Amputee soldier's New Year goal is to set record on Atlantic crossing

Lee Spencer, a disabled former Royal Marine soldier, is hoping to set a new record for rowing with no help across the Atlantic.

The Rowing Marine sets sight on a new record

Spencer lost his leg whilst helping a motorist involved in a crash. He is now training to row alone and unsupported between the mainlands of Europe and South America. He will set off on the 3,500 mile trip in January.

Spencer says that he has always been adventurous and that when he lost his leg, he felt that a part of him was gone. By rowing he wants to stay adventurous.

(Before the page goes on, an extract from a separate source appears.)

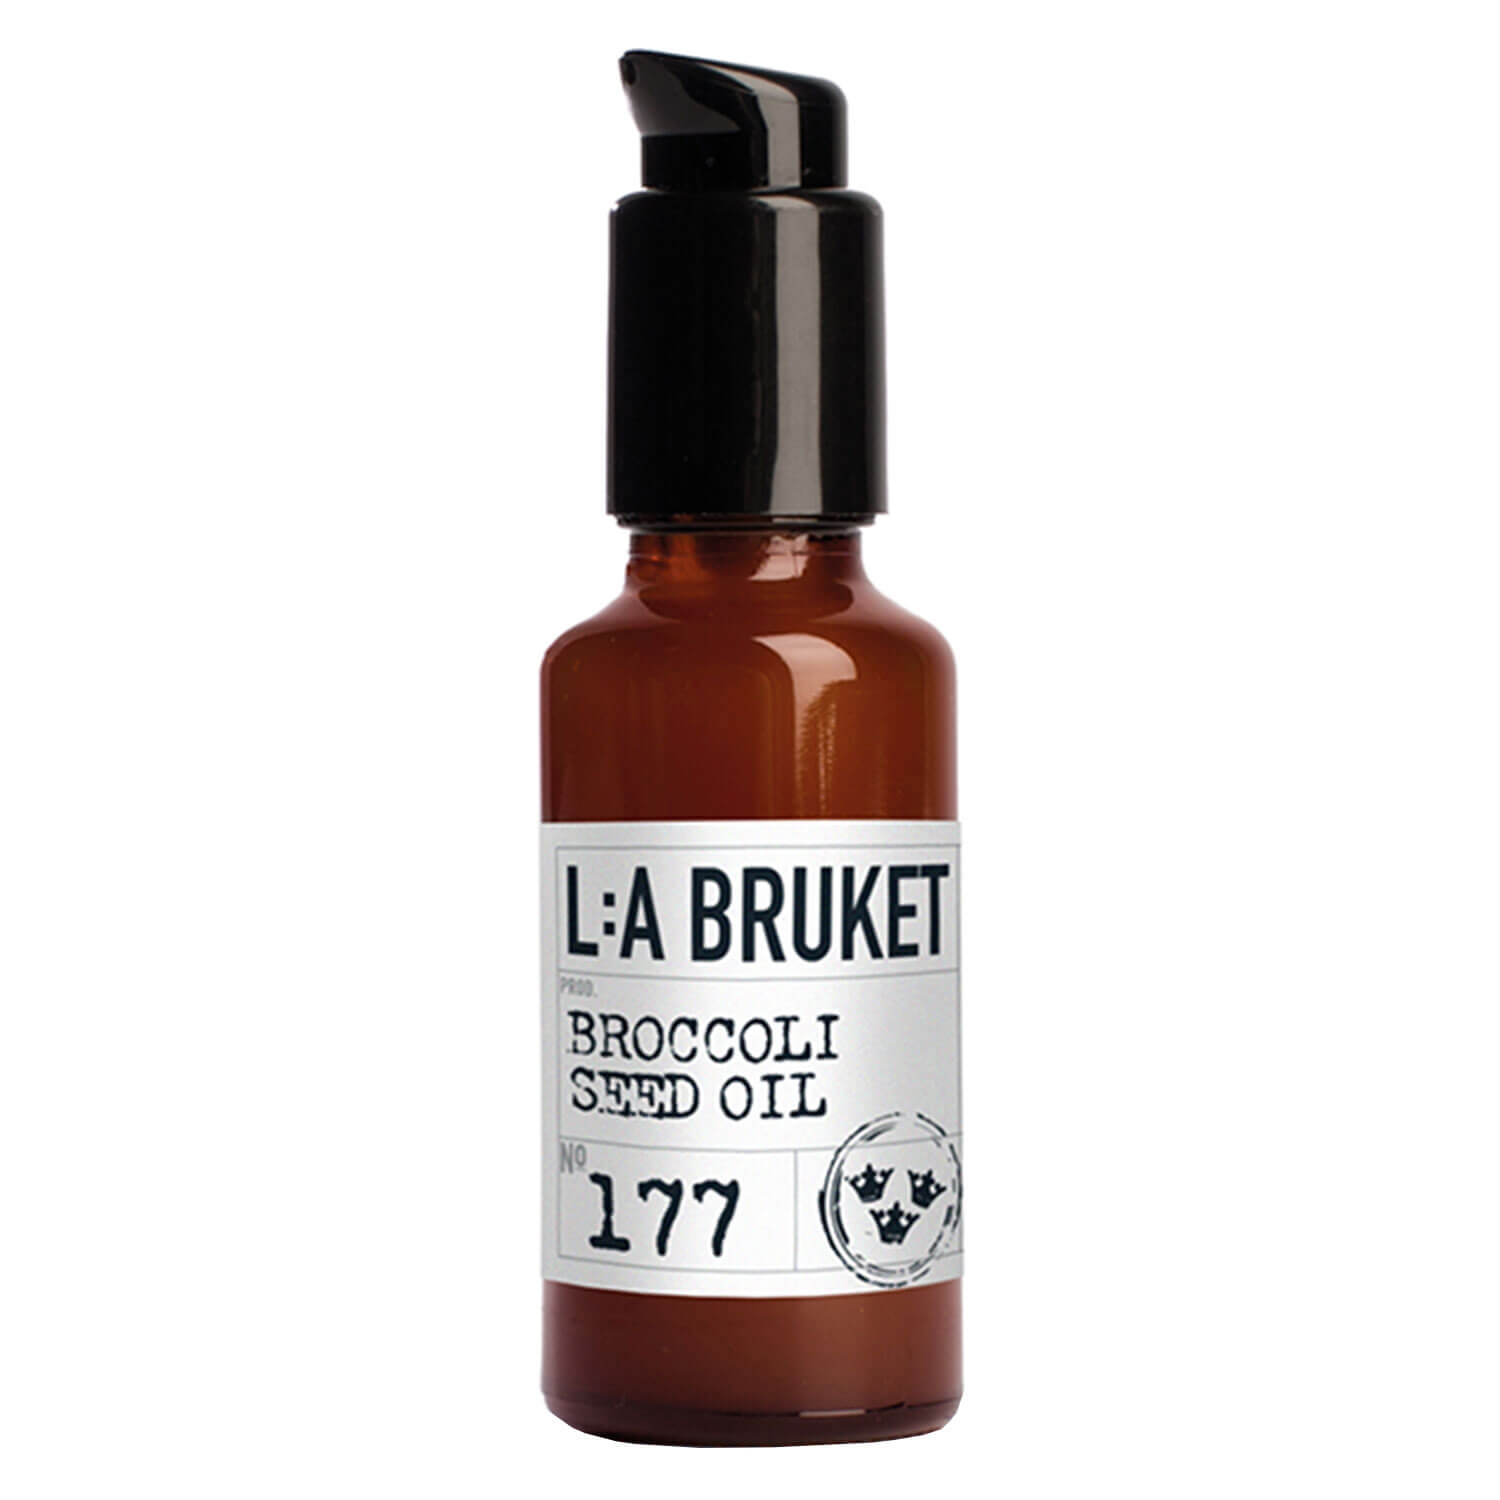 Produktbild von L:A Bruket - No.177 Broccoli Seed Oil

He has already made the trip once alongside three other disabled soldiers as part of the Row2Recovery team. The group set a record in 2015-2016 as the first all-amputee four-man rowing team to cross the Atlantic.

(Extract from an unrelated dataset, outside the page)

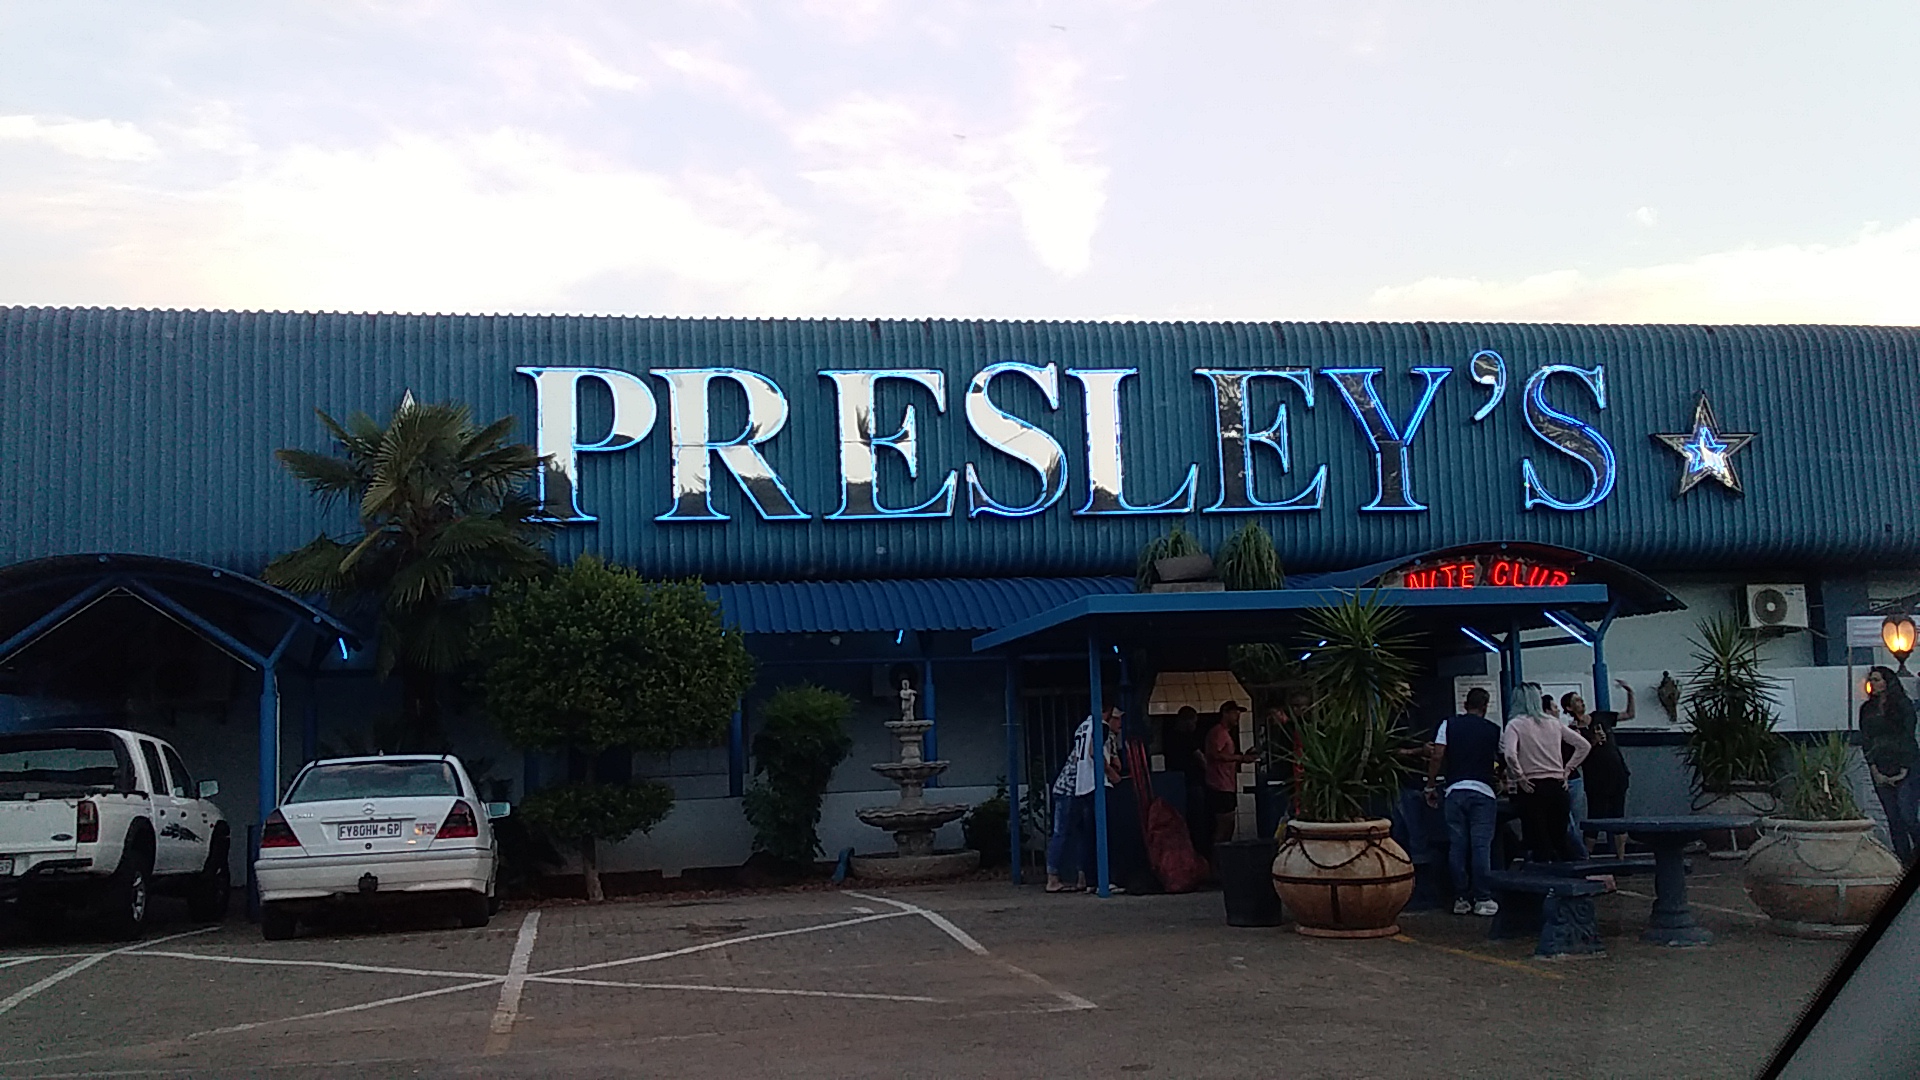 Presley’s

Now Spencer wants to beat the able-bodied record set by Stein Hoff in 2002. Hoff made the trip in just 96 days, 12 hours and 45 minutes.

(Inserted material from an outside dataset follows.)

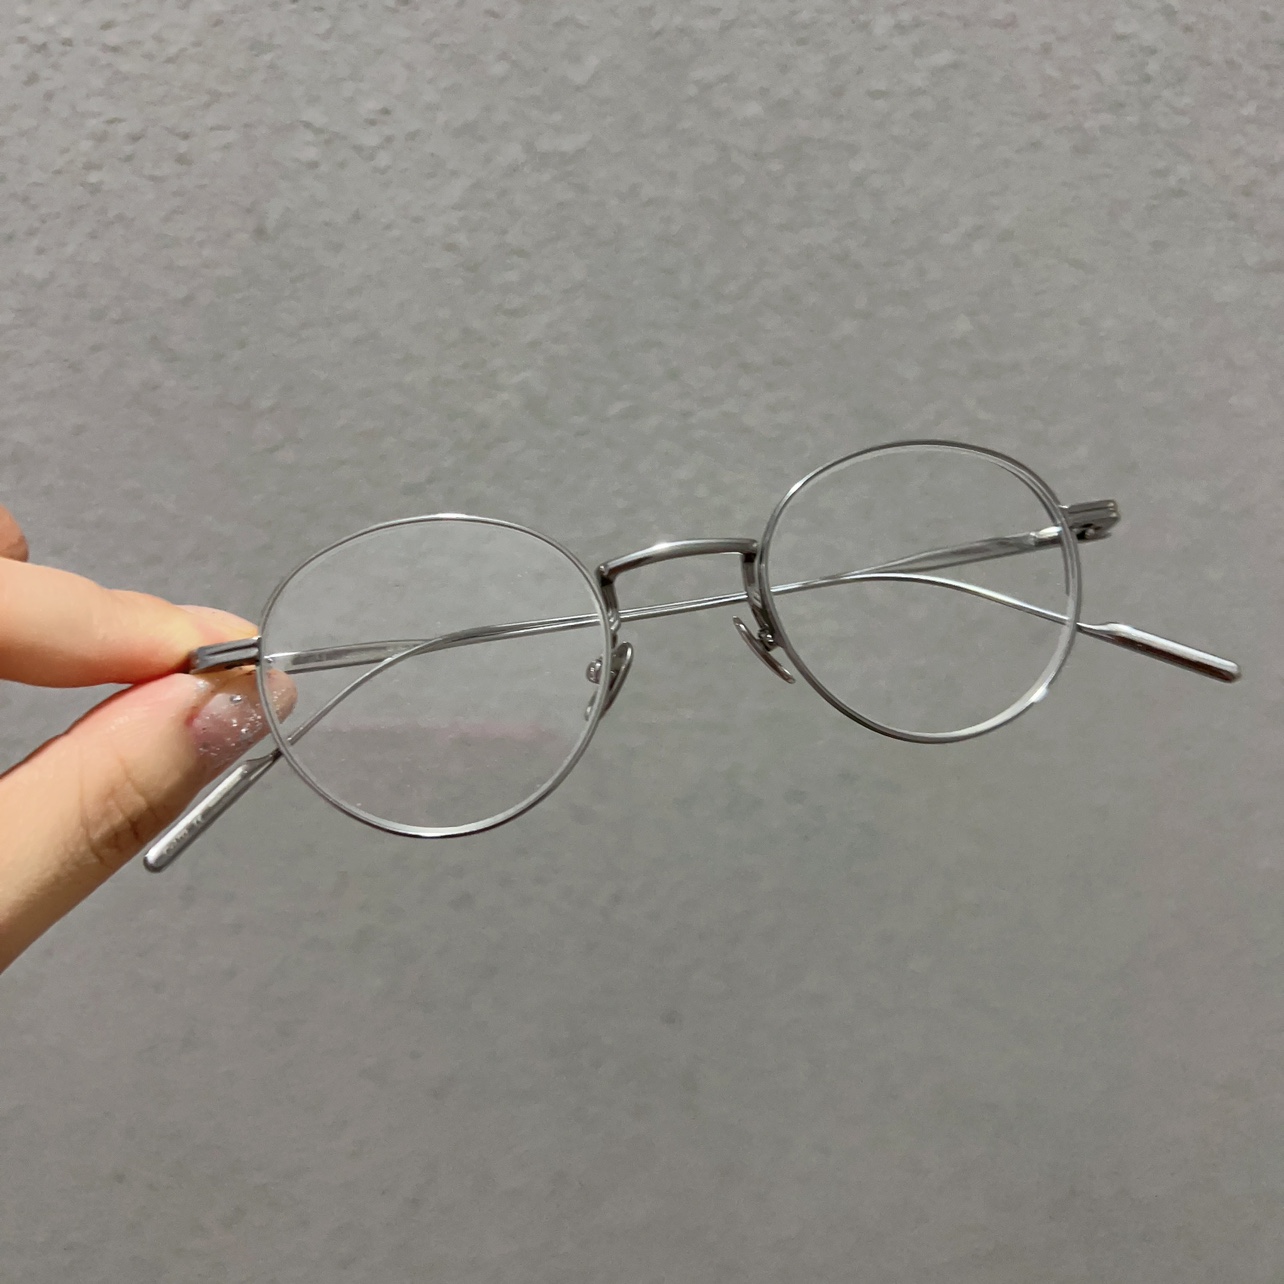 纯钛复古圆框眼镜 超轻 高度数近视镜框 小脸

Spencer says that the first 48 hours of the journey will be the worst. Spencer served in the Royal Marines for 24 years and survived three tours in Afghanistan without injury. But he lost his leg when he was hit by flying debris from a car accident on a motorway in Surrey. He had been helping a motorist who had crashed into a central reservation.

Since then he has become known as the Rowing Marine, showing people what they can achieve in the face of life-altering situations.